[Dataset entries]
-*-*-
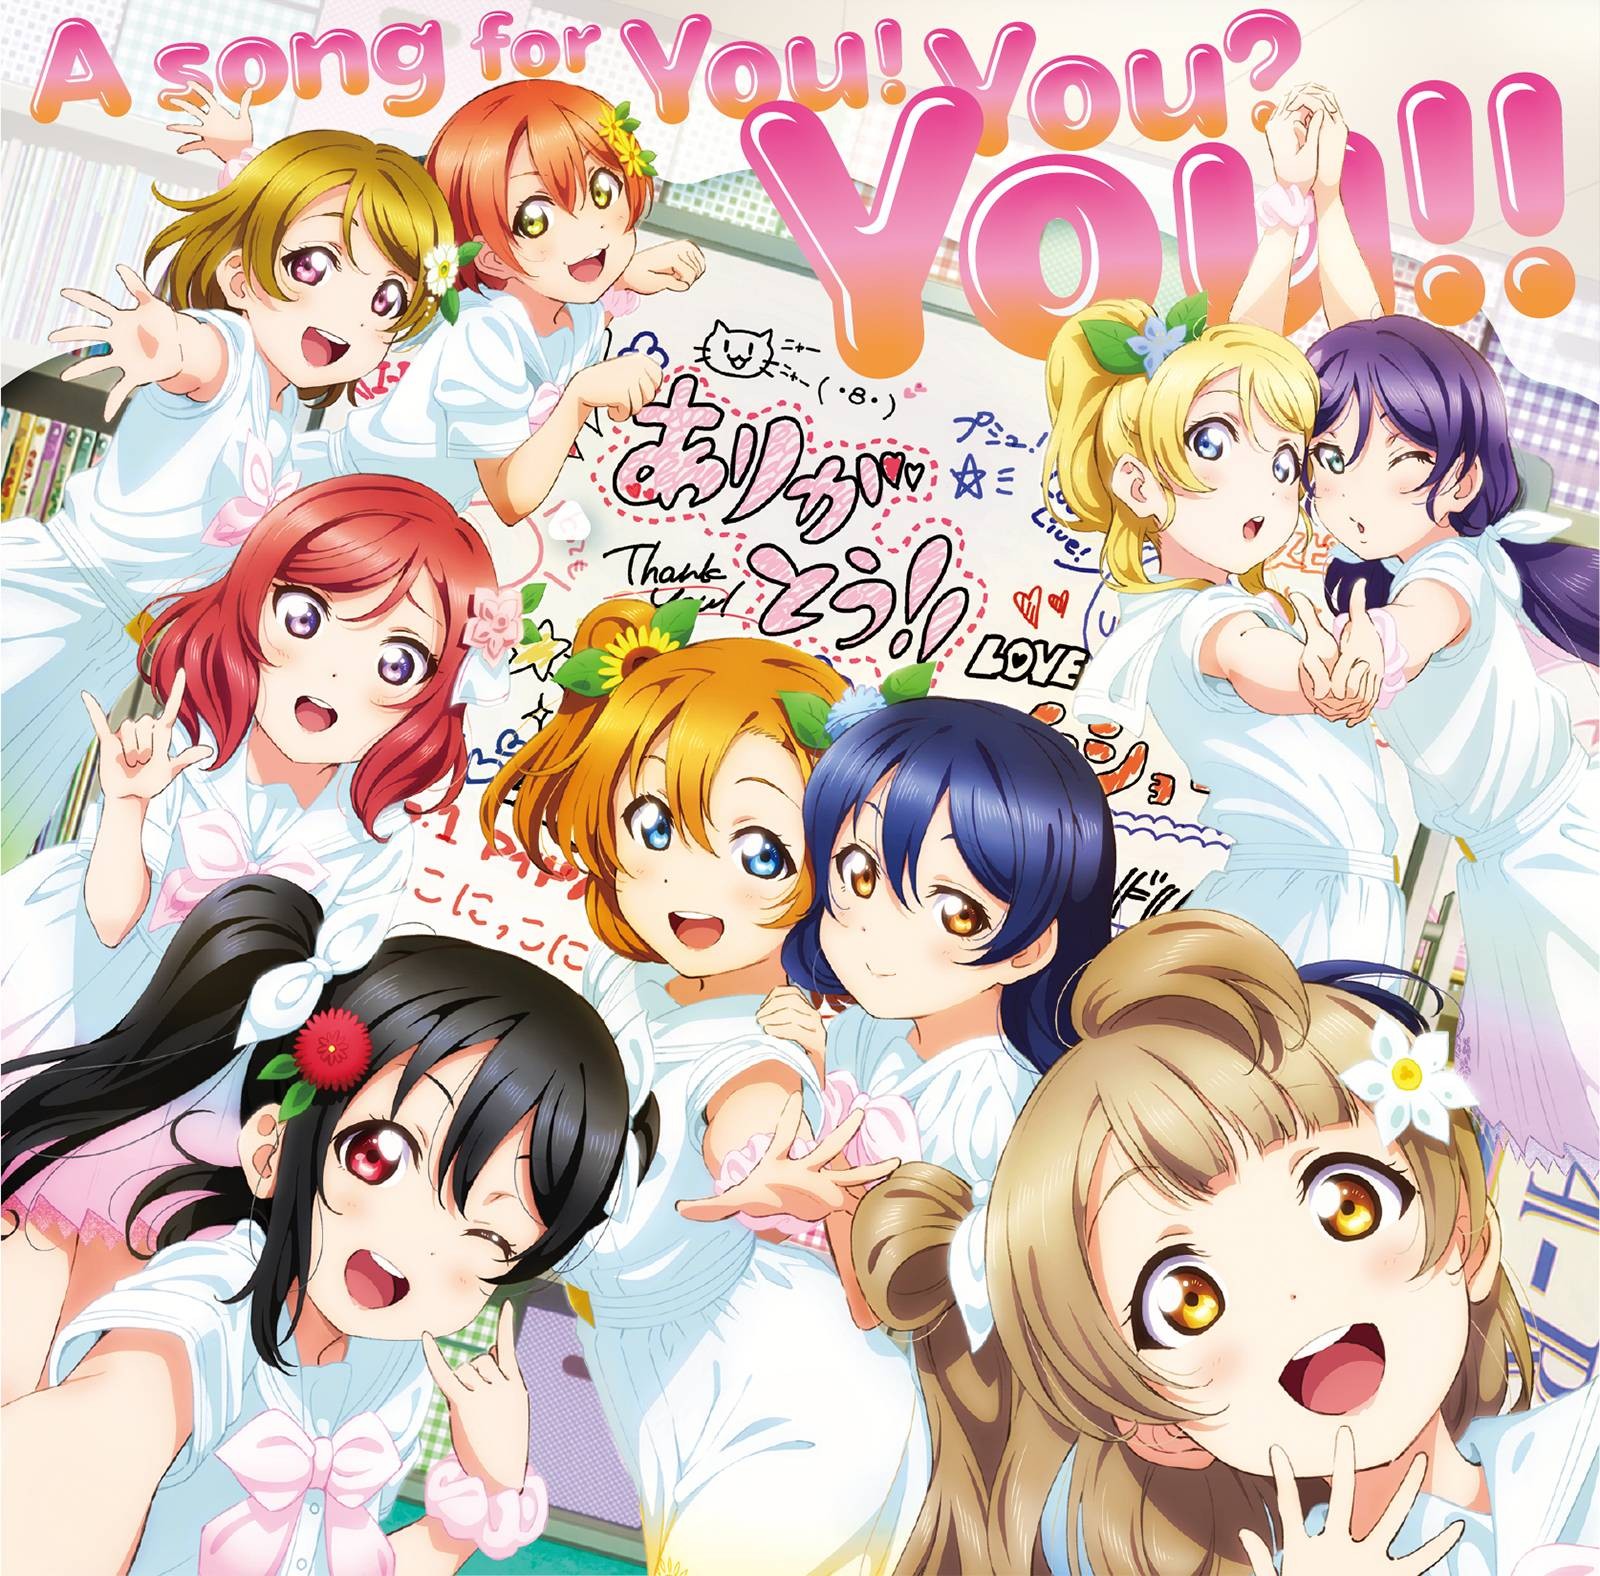 Love Live! School idol project / μ’s – A song for You! You? You!! [FLAC / 24bit Lossless / WEB] [2020.03.25]
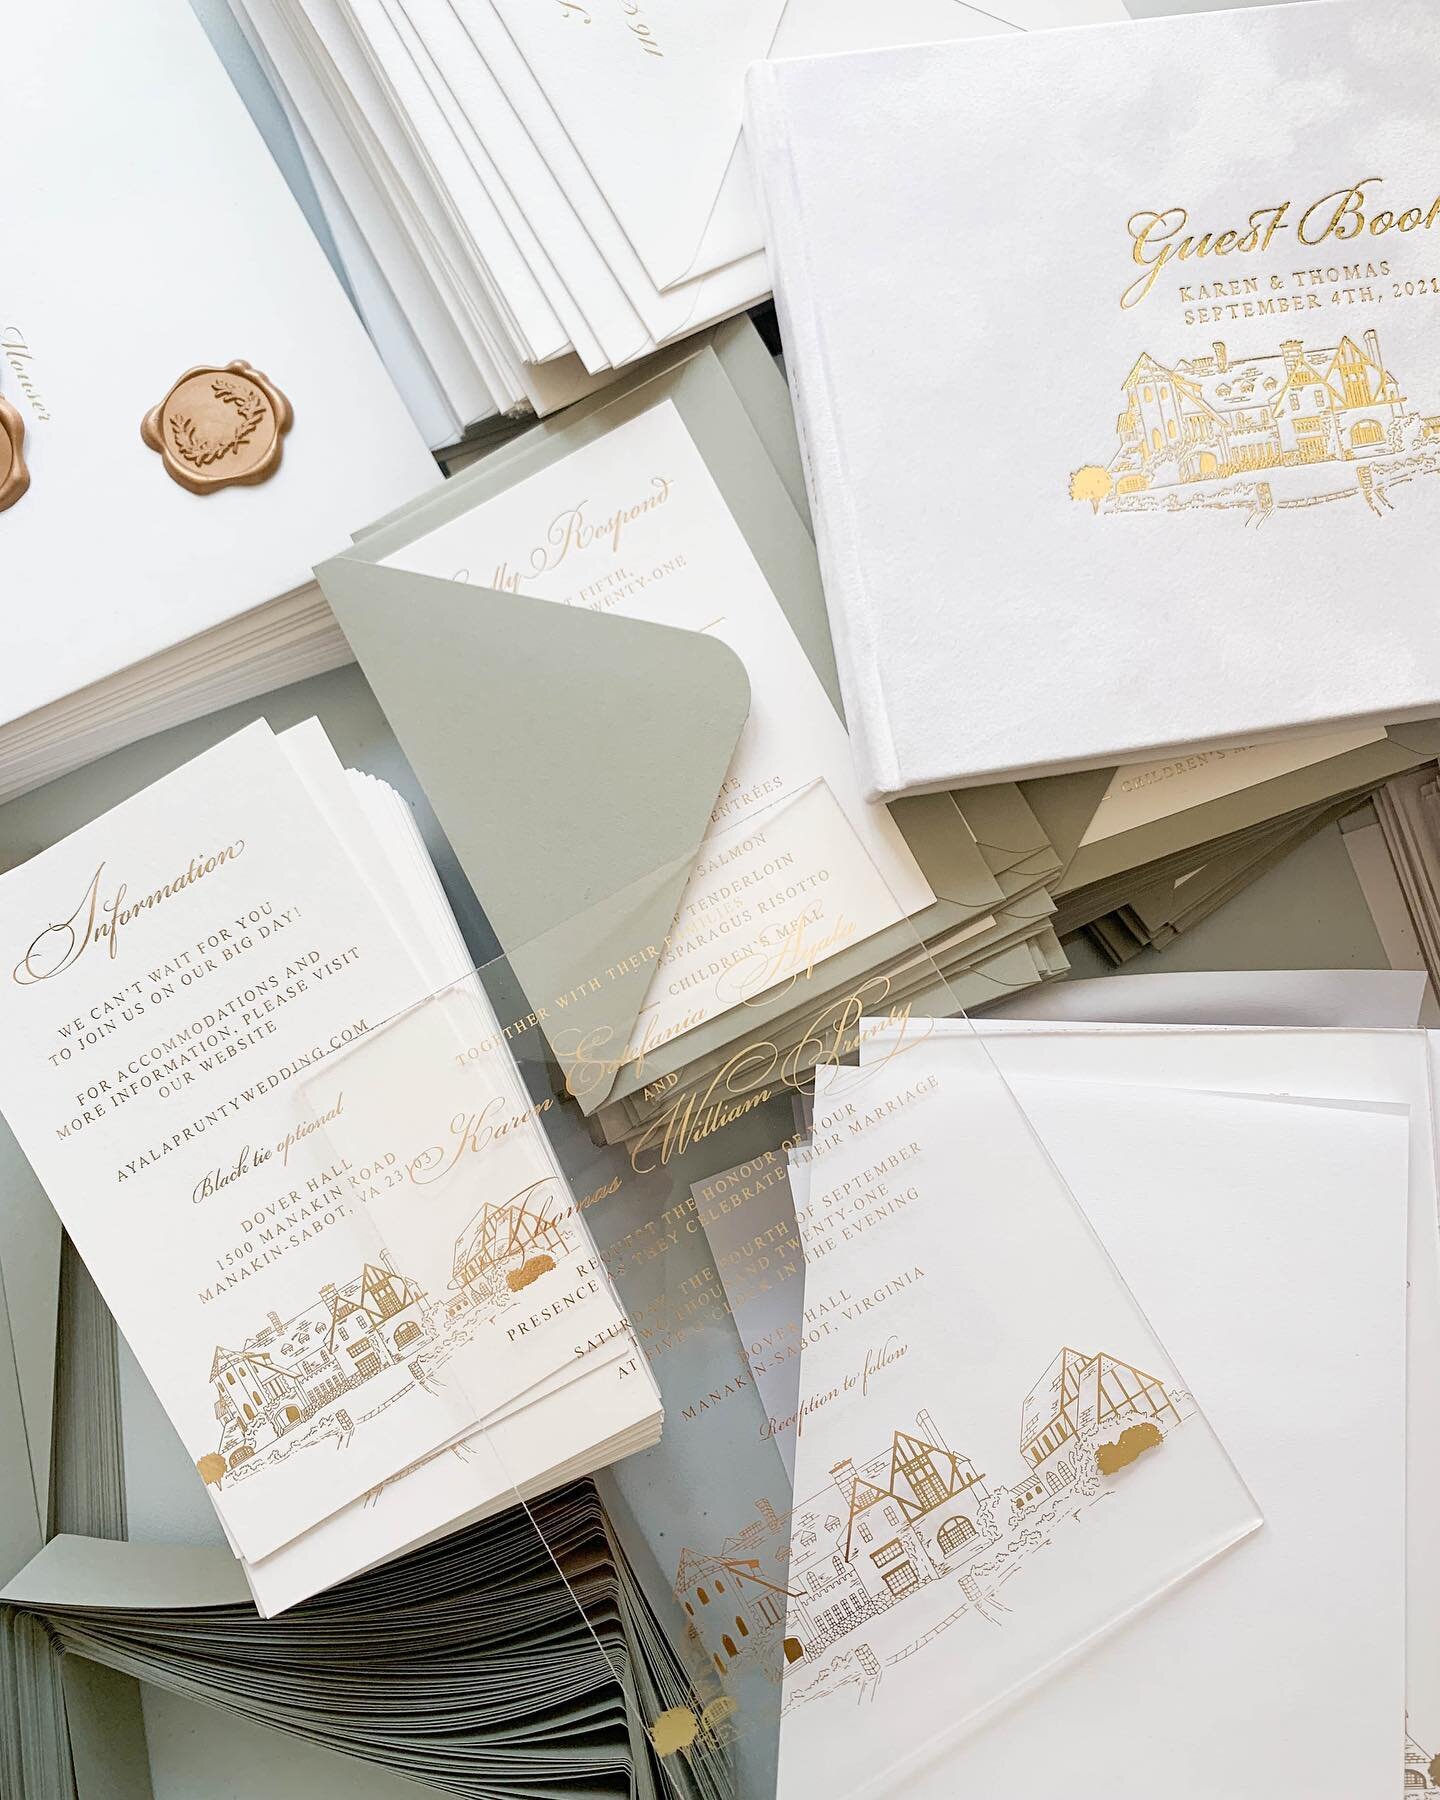 We absolutely adore how this stationery suite turned out.⁣
It's for one of our amazing couples who are getting married at the gorgeous @doverhallestate. They were delighted that we could make their Stationery dreams come to life! ⁣
⁣
Wedding Statione
-*-*-
Output, exactly and without pictures, the span of lines that starts at the line containing "We absolutely adore" and ends at the last line above.

> [ANSWER SECTION]:
 We absolutely adore how this stationery suite turned out.⁣
It's for one of our amazing couples who are getting married at the gorgeous @doverhallestate. They were delighted that we could make their Stationery dreams come to life! ⁣
⁣
Wedding Statione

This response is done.